#### WORK REQUIRED
What you return must match the listing below character for character, minus any pictures.

#### GIVEN DATA
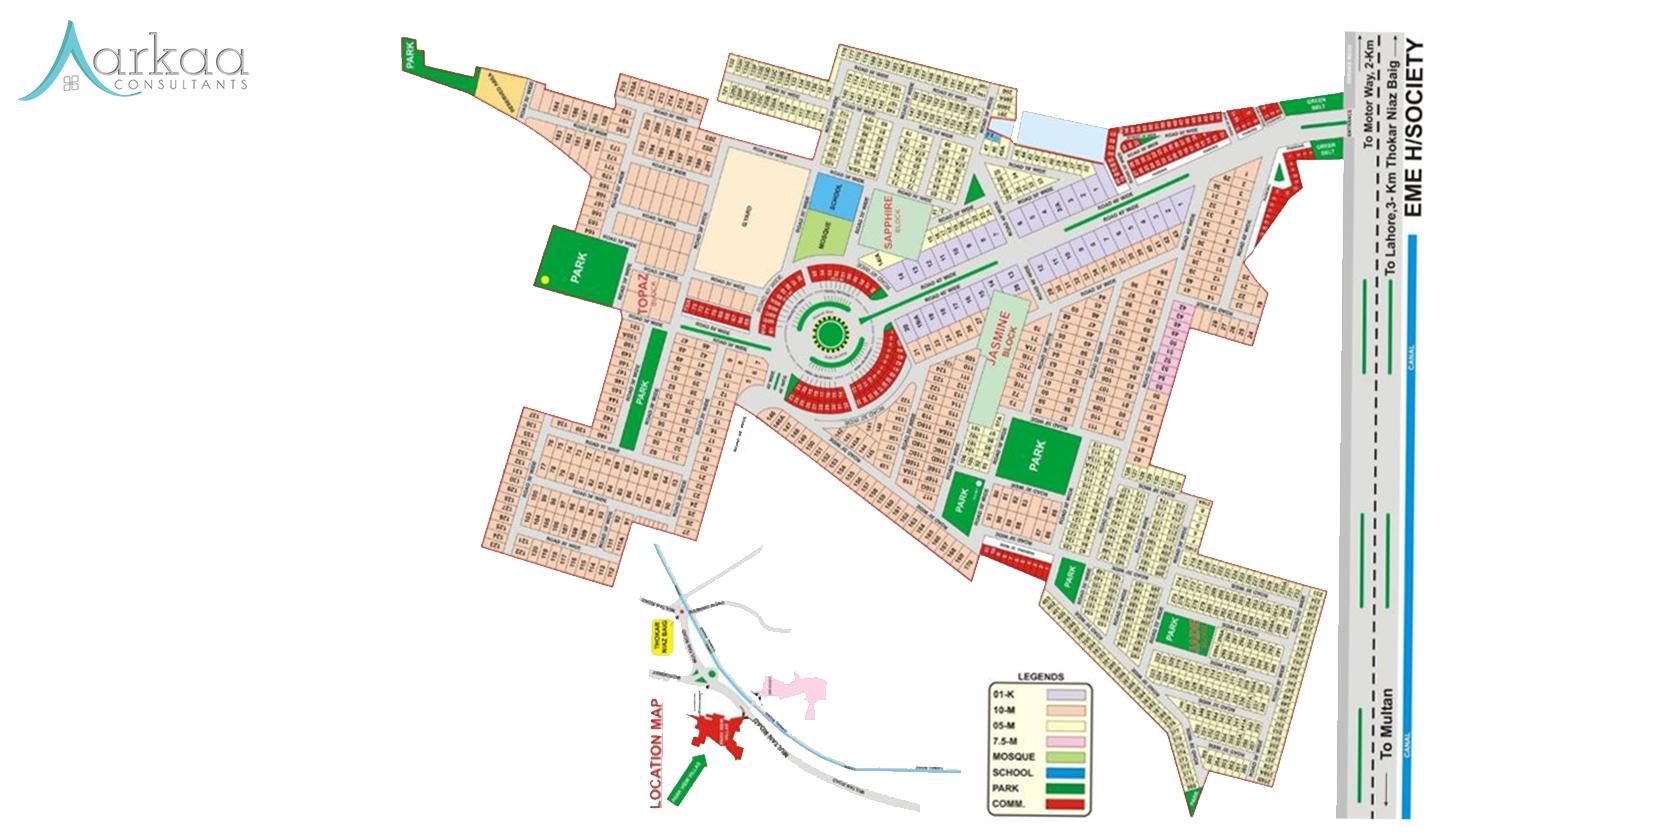 Park View City floor plan
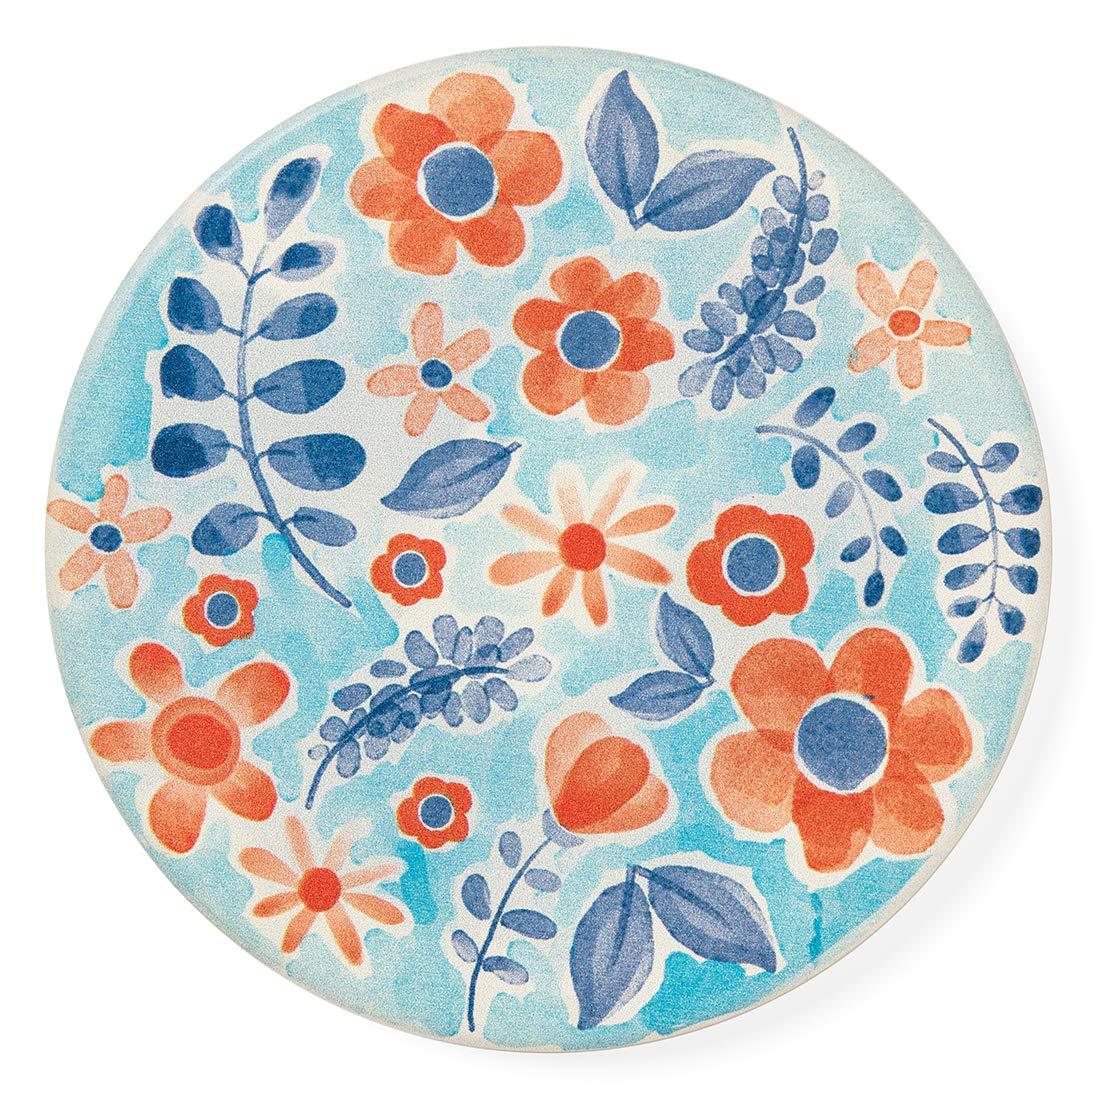 Juego de 4 posavasos de cer/ámica 4 pulgadas de di/ámetro /¡Agregue estilo a su comedor o sala de estar! Flores de acuarela azul Absorbente de agua! Fondo de corcho
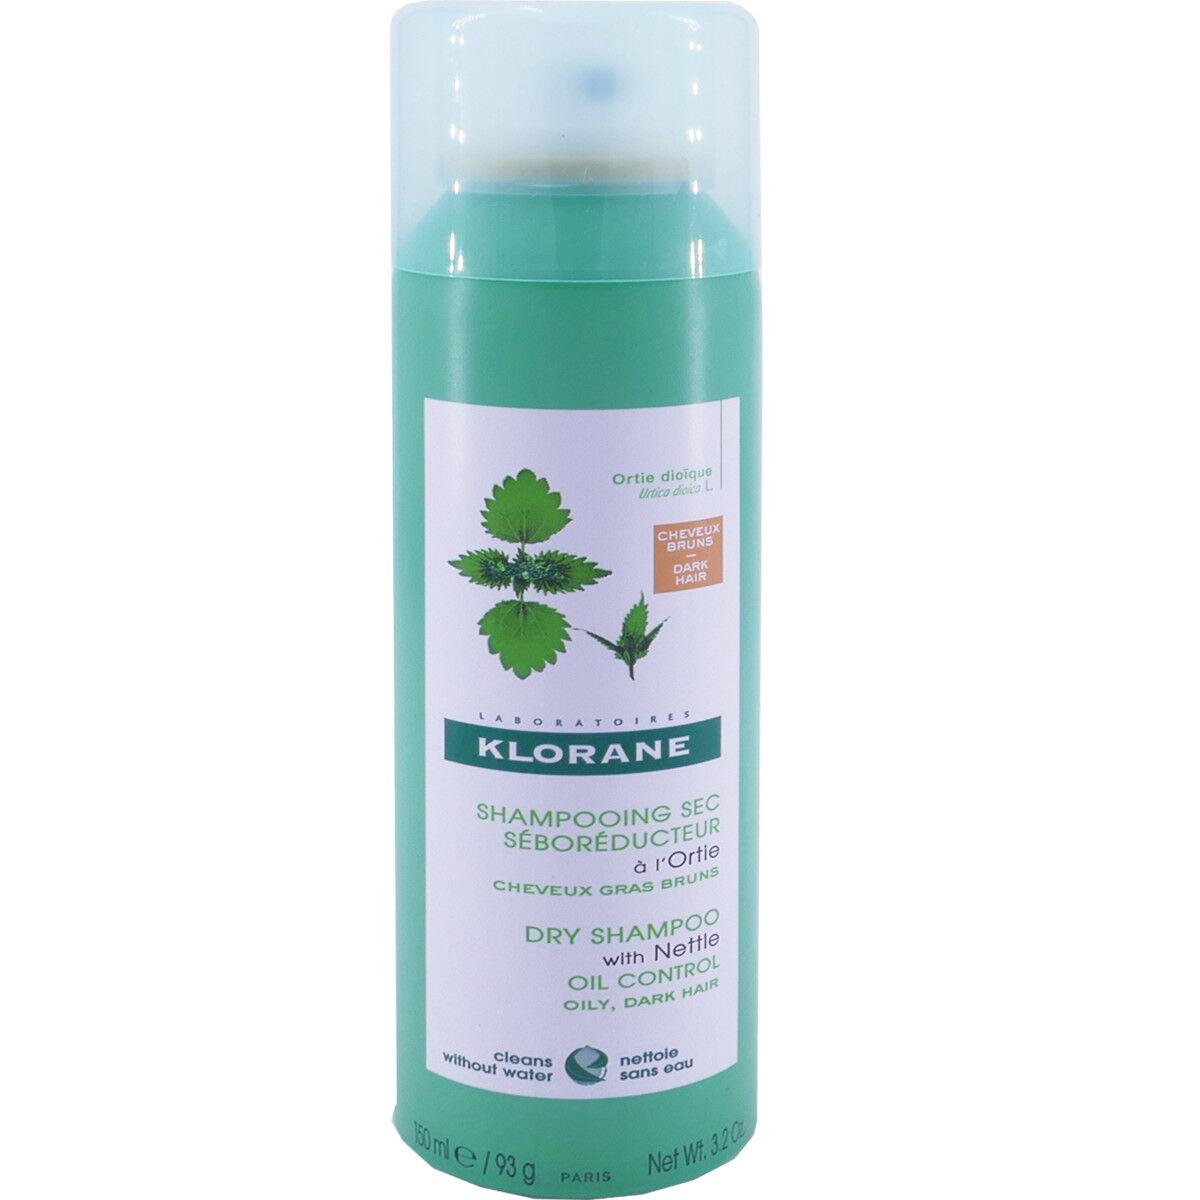 Klorane shampooing sec 150 ml seboreducteur

#### REPLY
 Park View City floor plan
 Juego de 4 posavasos de cer/ámica 4 pulgadas de di/ámetro /¡Agregue estilo a su comedor o sala de estar! Flores de acuarela azul Absorbente de agua! Fondo de corcho
 Klorane shampooing sec 150 ml seboreducteur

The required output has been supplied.